How irritating. Well, I guess I’ll just have to restart it. But I will do that tomorrow, when I have found a solution to decreasing the elite policy size (and hopefully increasing the update value).

PhD Progress: Successful developments

Posted by Sam on August 11th, 2010 under PhD Project  •  No Comments

Seems that all of my work over the past few weeks is paying off. All the additions of extra learning options and such. Blocks World is now able to complete its onAB learning task in little over 36 minutes (just under 20 minutes learning time) (this includes learning modules as well). The modules it learns are compact, neat and valid, consisting of minimal rules (thanks to the slot removal aspect). The convergance property allows the learning to progress quickly along with little over a minute per iteration used.
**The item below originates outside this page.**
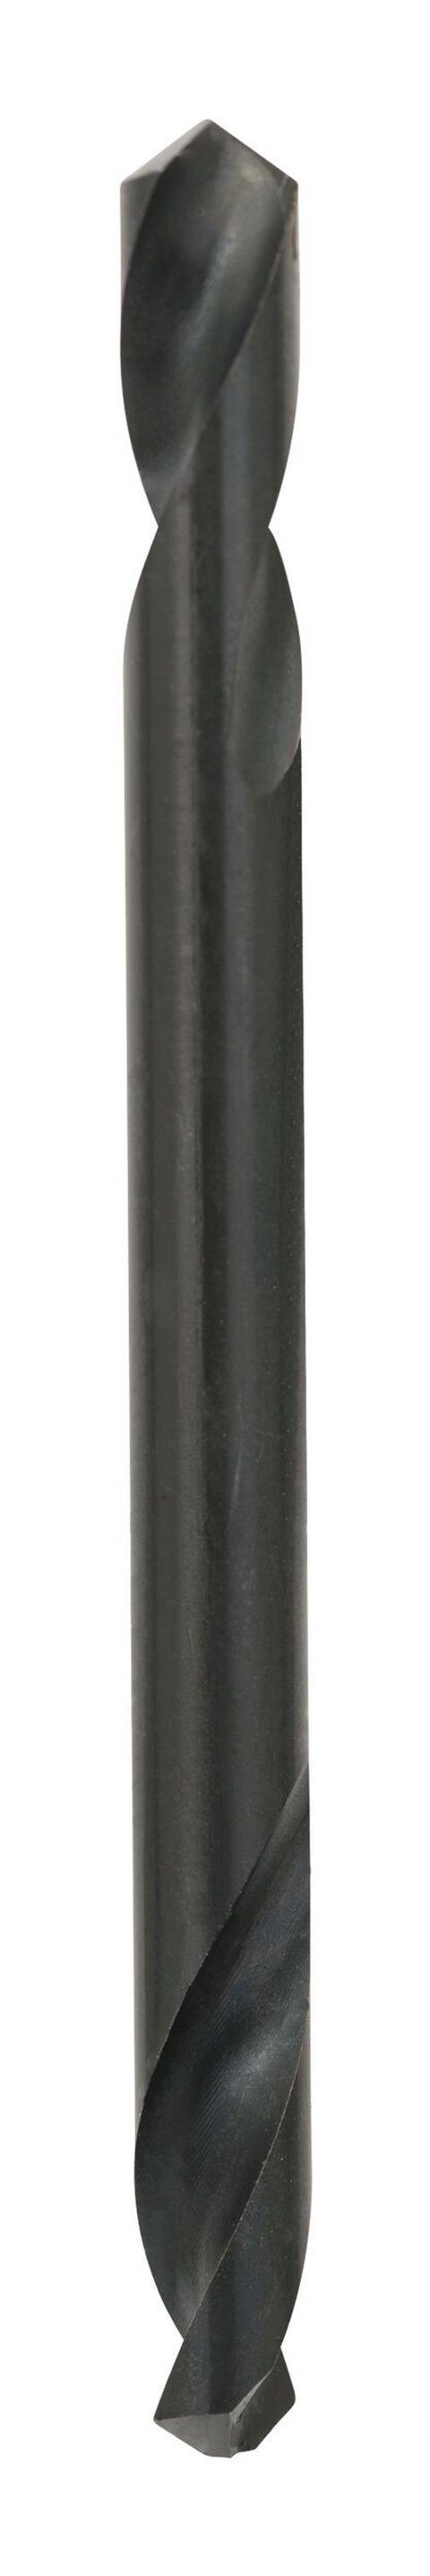 BOSCH Metallbohrer, (10 Stück), - 17 mm 10er-Pack 62 HSS-G x Doppelendbohrer x - 4,8

As for Ms. PacMan, it is still slow, but after 12 (learning) hours, the experiment is 2.7125% along (27.125% iteration). The ruleset is beginning to shape itself to something useful, with handy fromGhost rules (which include conditions for ghost state: aggressive) and toDot rules near the top, and other, less useful rules near the bottom/disappearing. Assuming it continues at this speed, one iteration will take ~45 hours (2 days). Hence the entire experiment takes 20 days, but these can be split up.

Speaking of splitting up, Eibe brought up the possibility of splitting the learning across multiple machines (i.e. Symphony). This could be easily achieved, as the very nature of the experiment allows it to be split. Simply send out X agents operating in their own environments and when they return, sort them in order and update generator. Then repeat. Of course this current system operates in an iterative manner, but the learning should be roughly equal if the update parameter is proprotional to the number of samples.

An alternative to that method is a much larger one which only requires 10 machines, each running entire experiments. Then the results are averaged and stored. But that takes much longer and doesn’t make full use of the number of processors Symphony has available.

Seems there is still the problem of statistical pre-goal unification which hasn’t upset the PacMan experiment yet, but is likely to when a pre-goal is created with edible ghosts. I’ll have top give more thought to sorting that out later.

A testing policy from PacMan:
Policy:
(distanceGhost player ?X ?__Num7&:(betweenRange ?__Num7 2.0 12.666666666666666)) (nonblinking ?X) (aggressive ?X) (pacman player) => (fromGhost ?X ?__Num7)
(distanceFruit player fruit ?__Num9&:(betweenRange ?__Num9 2.0 14.5)) (pacman player) => (toFruit fruit ?__Num9)
(distancePowerDot player ?X ?__Num1&:(betweenRange ?__Num1 0.0 51.0)) (pacman player) => (toPowerDot ?X ?__Num1)
(distanceDot player ?X ?__Num3&:(betweenRange ?__Num3 0.0 52.0)) (pacman player) => (toDot ?X ?__Num3)
(distancePowerDot player ?X ?__Num2&:(betweenRange ?__Num2 19.5 29.25)) (pacman player) => (fromPowerDot ?X ?__Num2)
(distanceGhostCentre player ?X ?__Num8&:(betweenRange ?__Num8 0.0 13.0)) (pacman player) => (toGhostCentre ?X ?__Num8)
(distanceGhost player ?X ?__Num6&:(betweenRange ?__Num6 34.0 43.0)) (pacman player) => (toGhost ?X ?__Num6)
(junctionSafety ?X ?__Num4&:(betweenRange ?__Num4 -8.0 0.0)) => (toJunction ?X ?__Num4)
(distanceGhostCentre player ?X ?__Num5&:(betweenRange ?__Num5 0.0 52.0)) (pacman player) => (fromGhostCentre ?X ?__Num5)

Clearly from ghost behaviour is most important, along with eating fruit and using the powerdot to keep the ghosts placid. The toDot is all encompassing and will always be active. The fromPowerDot rule will only trigger at a distance, so it has no value. The toGhost rules have little value currently, as they don’t include the edible attribute, but that is likely because they can’t be included. The last 2 are practically useless, though the all-compassing fromGhostCentre does lend some defensive behaviour.

Just had a thought about pre-goal mutation and such. Haven’t fleshed out the possibilities yet, but mutate rules based on what constant elements are present and mutate in relevant conditions seen in conjunction with said elements. So a rule concerning a ghost would mutate in the 4 attributes concerning the ghost: edible, aggressive, blinking or nonblinking. This could also create an opening for negation, allowing me to remove half of those attributes. I’ll think on it.